[Date Prev][Date Next]
[Chronological]
[Thread]
[Top]
Re: (ITS#3707) An unknown attribute in presence filter evaluates to (?=false) instead of (?=undefined)
Kurt D. Zeilenga wrote:
>(&) and (|) are, with draft-zeilenga-ldap-t-f, valid filter
>strings. But what filter2bv produces is not a filter string,
>it's a filter diagnostic string.
>
>
>
My suggestion is to use "(&)" and "(|)" both as valid filters __and__ as
filter diagnostics, in order to exploit it as discussed later.
>>I can work this issue around as in slapo-rwm and back-meta, but this
>>would require yet another filter2bv conversion.
>>
>>
>
>For back-ldap/back-meta, it seems one really needs access to
>filter encoding as it appeared in the request so that it can
>be forwarded intact (it would be nice if we had an ldap_search()

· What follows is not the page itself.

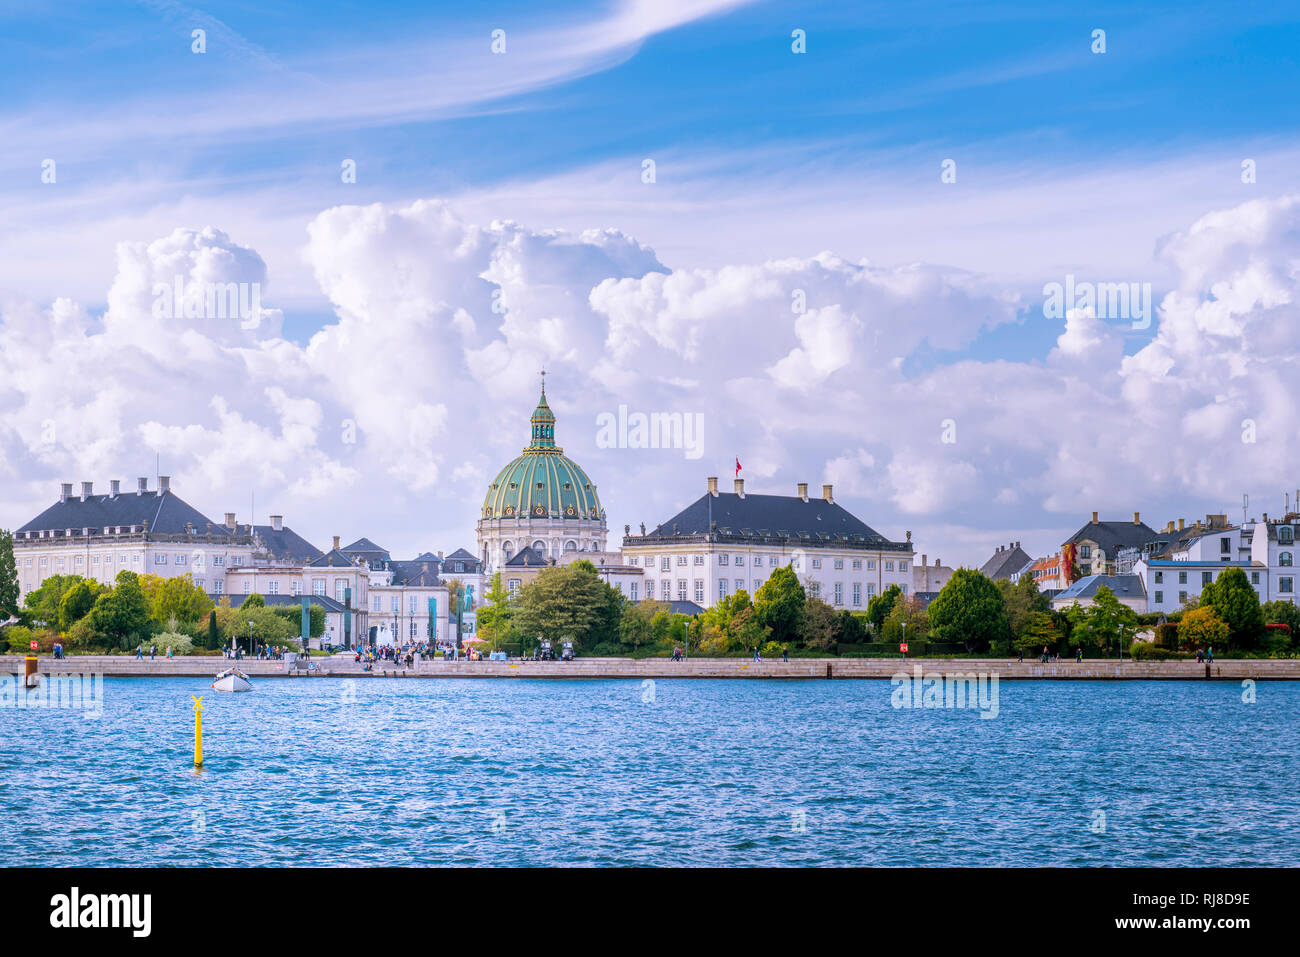 Europa, Dänemark, Kopenhagen, Schloss Amalienborg, Marmorkirche Stock Photo

>call where the filter was passed as BER value).
>
That would be great also for another feature I'm considering (ITS#3711).
>But given
>that filter massaging would be a nice feature, you actually
>need both access to filter encoding and another filter2bv
>function.
>
>
In principle that's correct, and I agree. In practice, filter2bv is
already performed by the frontend, so it wouldn't be required; yet, the
diagnostics make the resulting filter unusable as is in functions that
require the filter in its string representation (like back-ldap and
back-meta, for instance). The use of filter diagnostics like "(&)" and
"(|)" instead of "(?=true)" and "(?=false)" would make the filter yet
clearly identifiable as using t-f tokens, but would also make it
conformant to filter string representations. The use of diagnostics
like "(?=undefined)" and "(?=error)" is acceptable, since it makes the
filter correctly unusable, so that ldap_search() spits it out without
performing the operation. This may be consistent (after my fix) with
back-ldap usage (back-meta is not affected for different reasons).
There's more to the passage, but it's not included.